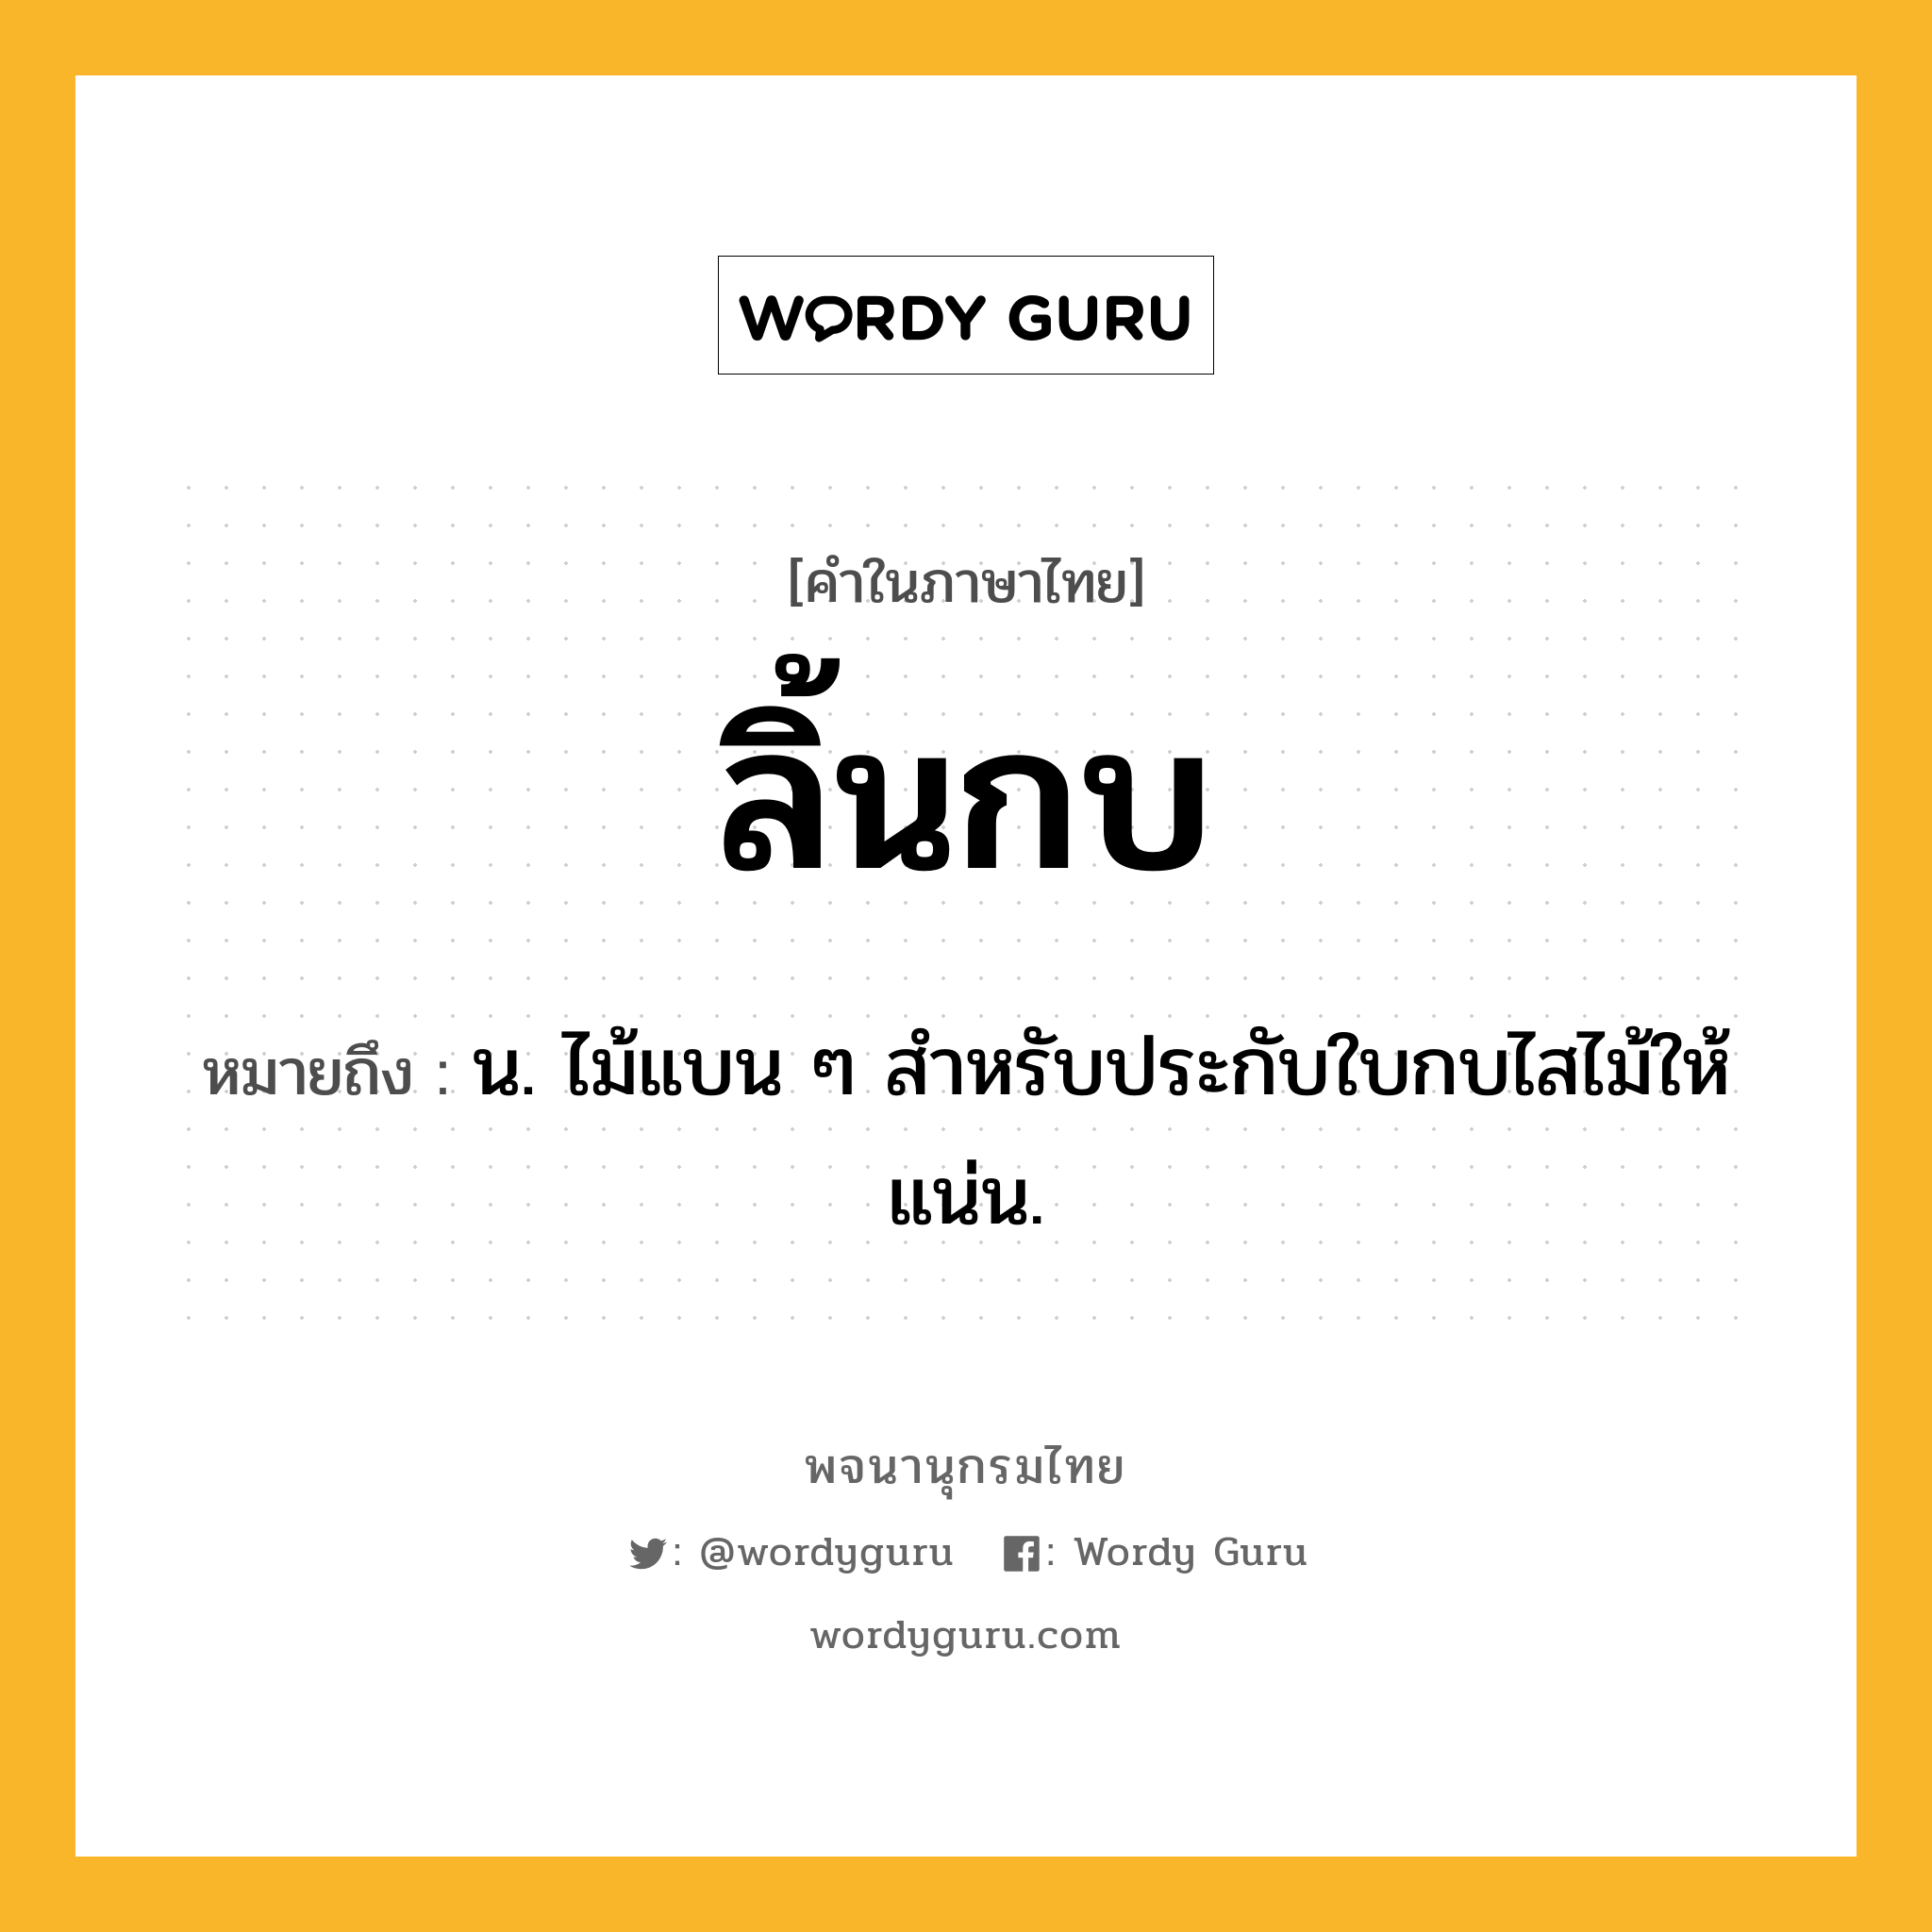 ลิ้นกบ ความหมาย หมายถึงอะไร?, คำในภาษาไทย ลิ้นกบ หมายถึง น. ไม้แบน ๆ สำหรับประกับใบกบไสไม้ให้แน่น.
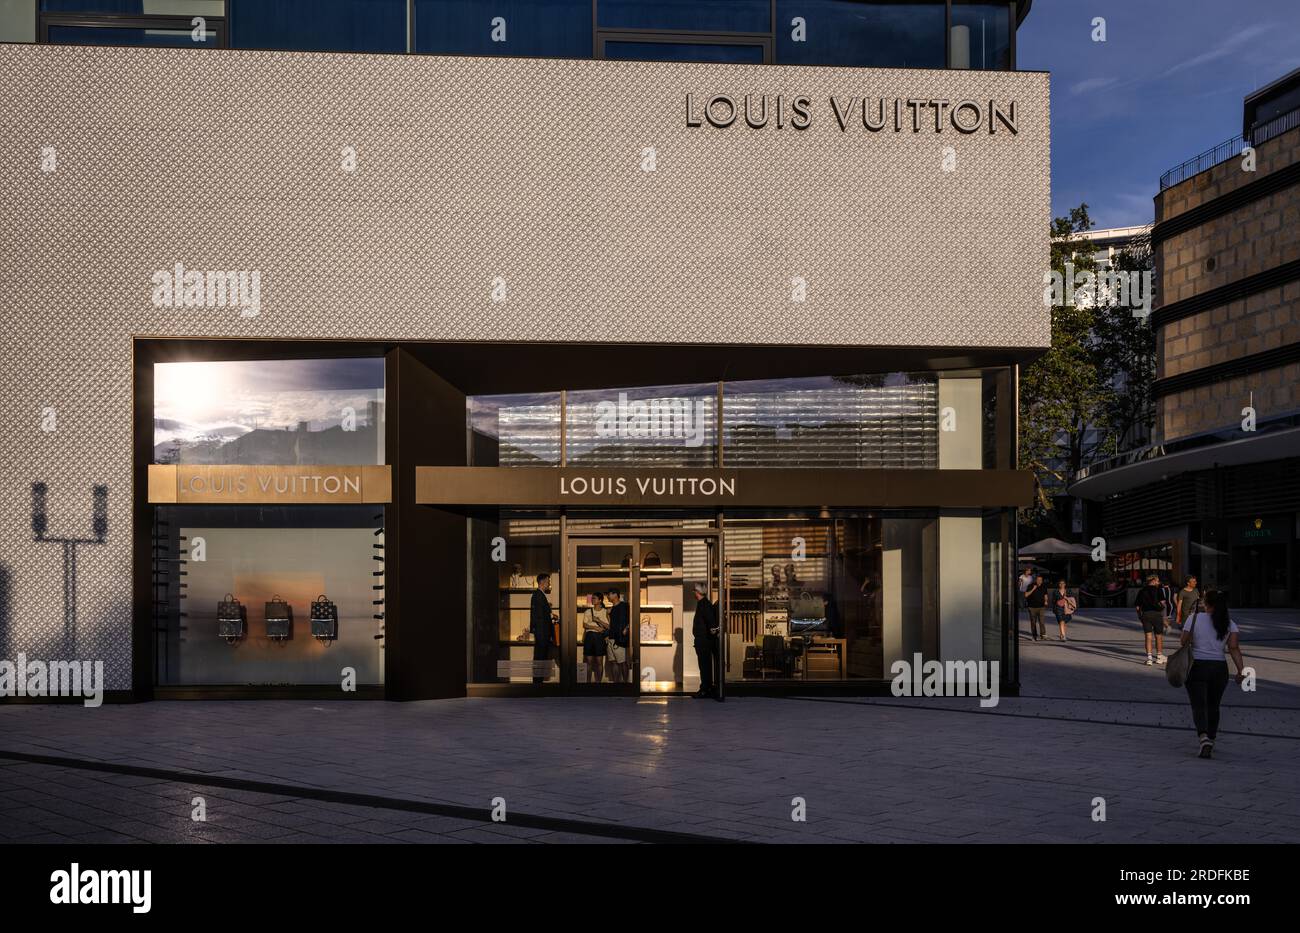 Louis Vuitton Brand Store, Logo, Store, Dorotheen Quartier, DOQU, Shopping Mall, Stuttgart, Baden-Wuerttemberg Stock Photo
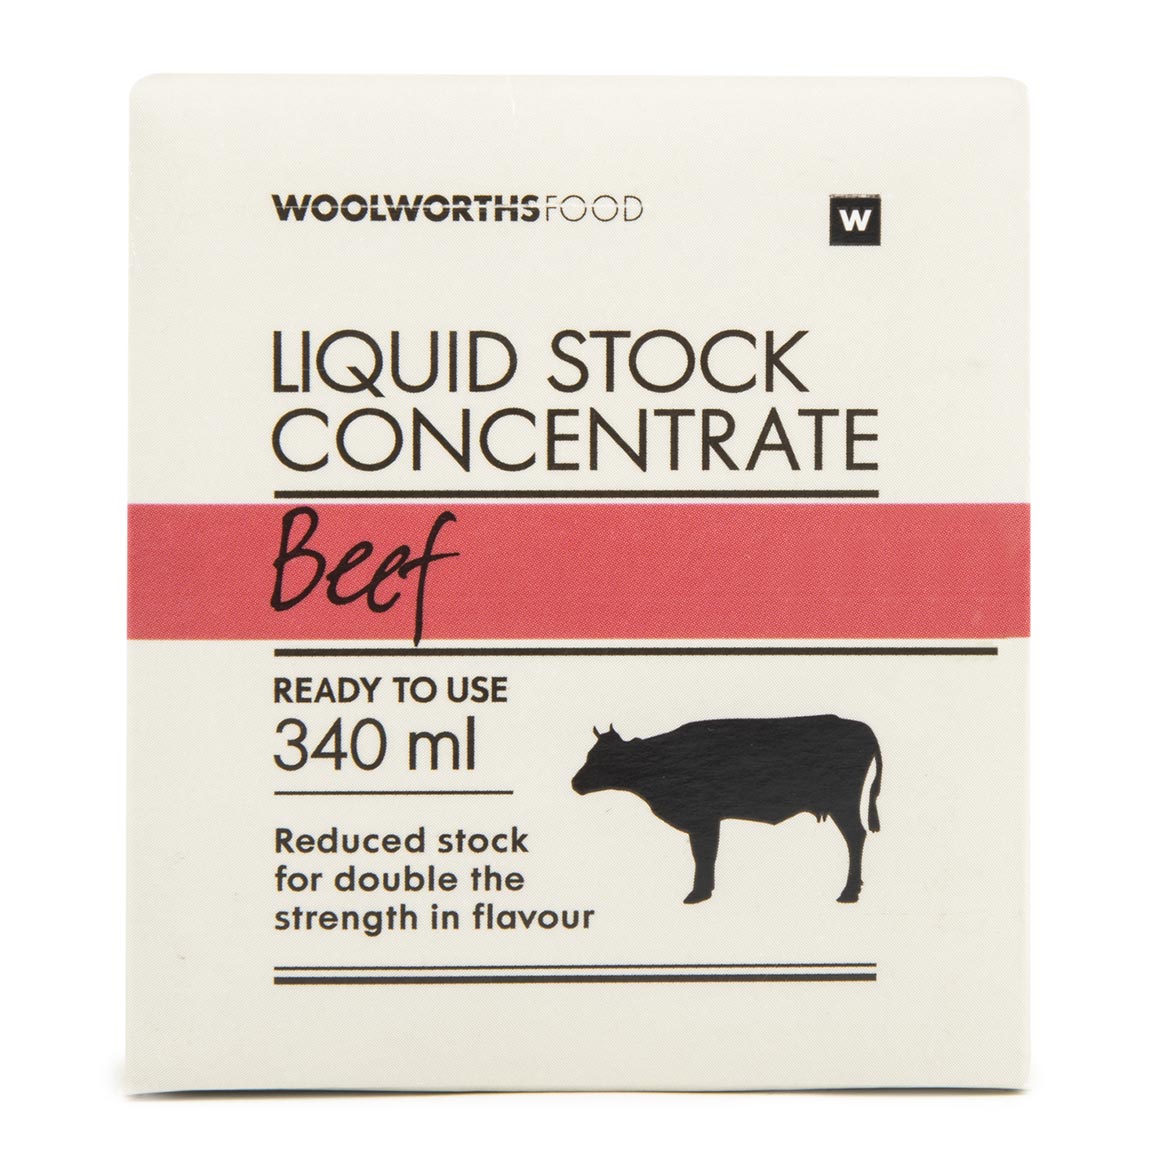 Beef Liquid Concentrate Stock 340 Ml 6009189000416 ?V=1esC&o=eyJidWNrZXQiOiJ3dy1vbmxpbmUtaW1hZ2UtcmVzaXplIiwia2V5IjoiaW1hZ2VzL2VsYXN0aWNlcmEvcHJvZHVjdHMvaGVyby8yMDE1LTA0LTAxLzYwMDkxODkwMDA0MTZfaGVyby5qcGcifQ&

---+---

Return the whole listing word for word. Pictures stay out of it.

 ลิ้นกบ ความหมาย หมายถึงอะไร?, คำในภาษาไทย ลิ้นกบ หมายถึง น. ไม้แบน ๆ สำหรับประกับใบกบไสไม้ให้แน่น.
 Louis Vuitton Brand Store, Logo, Store, Dorotheen Quartier, DOQU, Shopping Mall, Stuttgart, Baden-Wuerttemberg Stock Photo
 Beef Liquid Concentrate Stock 340 Ml 6009189000416 ?V=1esC&o=eyJidWNrZXQiOiJ3dy1vbmxpbmUtaW1hZ2UtcmVzaXplIiwia2V5IjoiaW1hZ2VzL2VsYXN0aWNlcmEvcHJvZHVjdHMvaGVyby8yMDE1LTA0LTAxLzYwMDkxODkwMDA0MTZfaGVyby5qcGcifQ&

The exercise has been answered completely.